A venous thromboembolism (VTE) is a blood clot that forms in a vein while a deep vein thrombosis (DVT) is a blood clot, usually found in the arm or leg. A pulmonary embolism (PE) is when a clot breaks off and travels to the lungs.
Symptoms
Symptoms may include:
- a fast or pounding heartbeat
- chest pain, especially pain that gets worse when you take a deep breath
- feeling short of breath or having trouble breathing
- swelling, pain, or redness in an arm or leg.
Some people may not have any symptoms at all.
When to see a doctor
| Urgency | Symptoms |
|---|---|
| Emergency – get help immediately | New or severe chest pain, very low oxygen levels, feeling faint, dizzy or seriously unwell. |
| Urgent – needs prompt medical review | Symptoms that could suggest a blood clot, such as leg swelling or pain, shortness of breath or chest pain. |
| Routine – planned follow-up | Ongoing check‑ups after a blood clot that was found incidentally (by chance) or is already being treated. |
Common causes include:
- cancer
- hormonal therapy
- obesity
- pregnancy
- surgery/immobility
- thrombophilia.
Your doctor may arrange:
- D‑dimer blood test that can help look for signs of a blood clot
- ultrasound scan of the leg or arm to check for a clot in a vein if DVT suspected
- CT pulmonary angiography, a special CT scan of the chest, to look for a blood clot in the lungs if PE suspected
- thrombophilia blood testing, to see if you have an increased tendency to form blood clots.

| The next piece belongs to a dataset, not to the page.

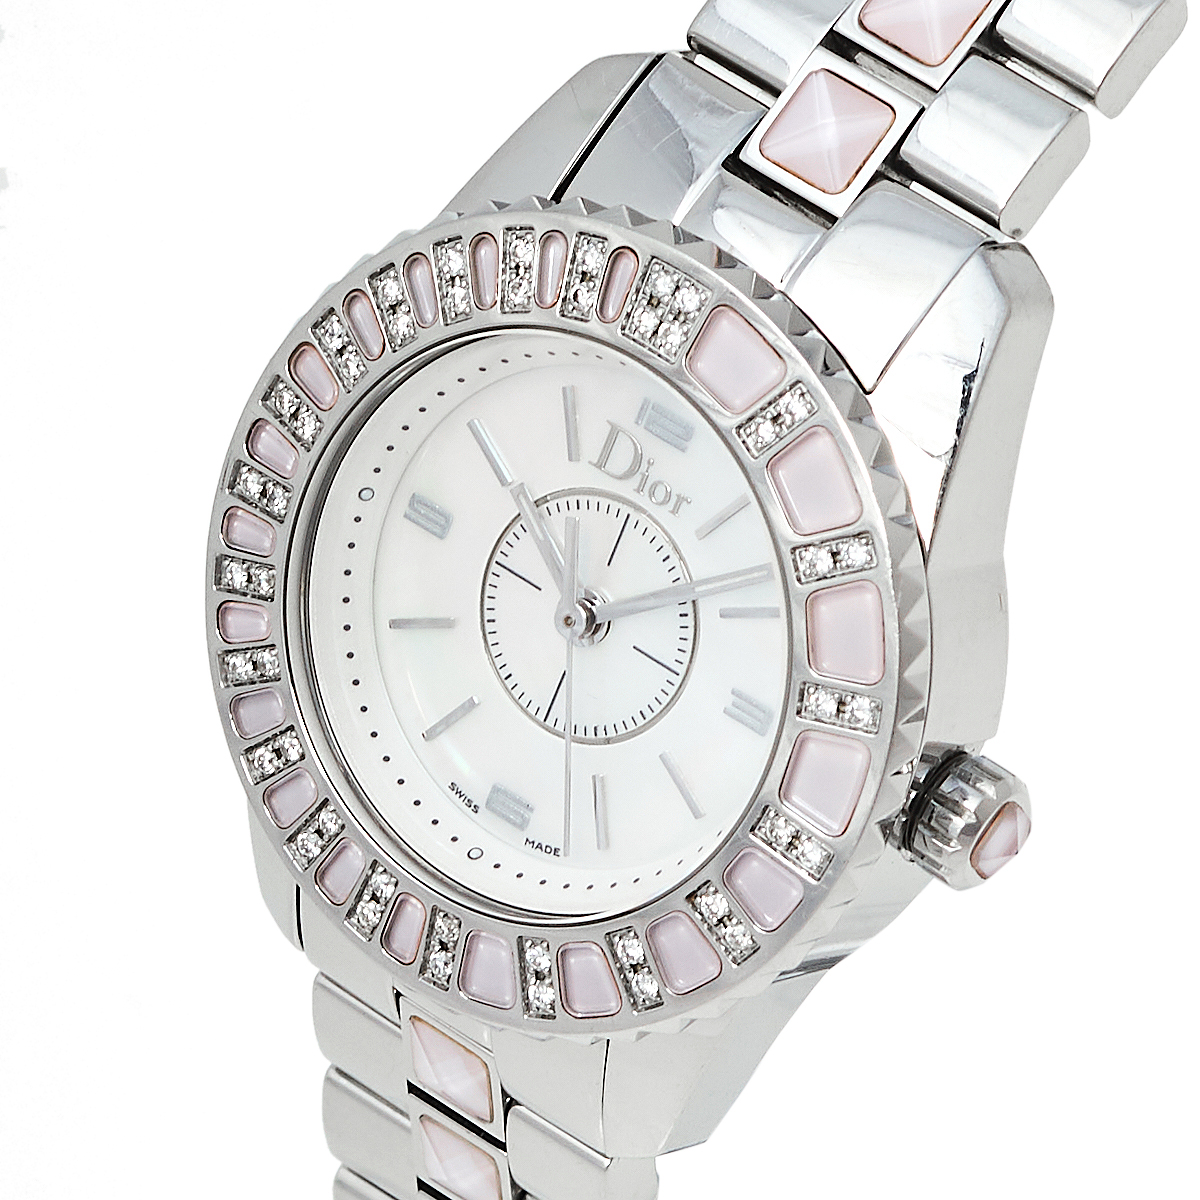 

Dior Mother of Pearl Stainless Steel Diamonds Christal CD112111M001 Women's Wristwatch, White

Usually only done in certain situations.
Treatment may include:
- blood‑thinning medications (tablets or injections) that help stop the blood clot from growing and prevent new clots from forming
- clot‑busting treatment medication used in serious or life‑threatening clots to quickly break down the clot
- IVC filter, a small device placed in a vein to stop clots from travelling to the lungs, used only in certain situations
- long‑term blood‑thinning treatment for higher‑risk patients, to reduce the risk of future clots.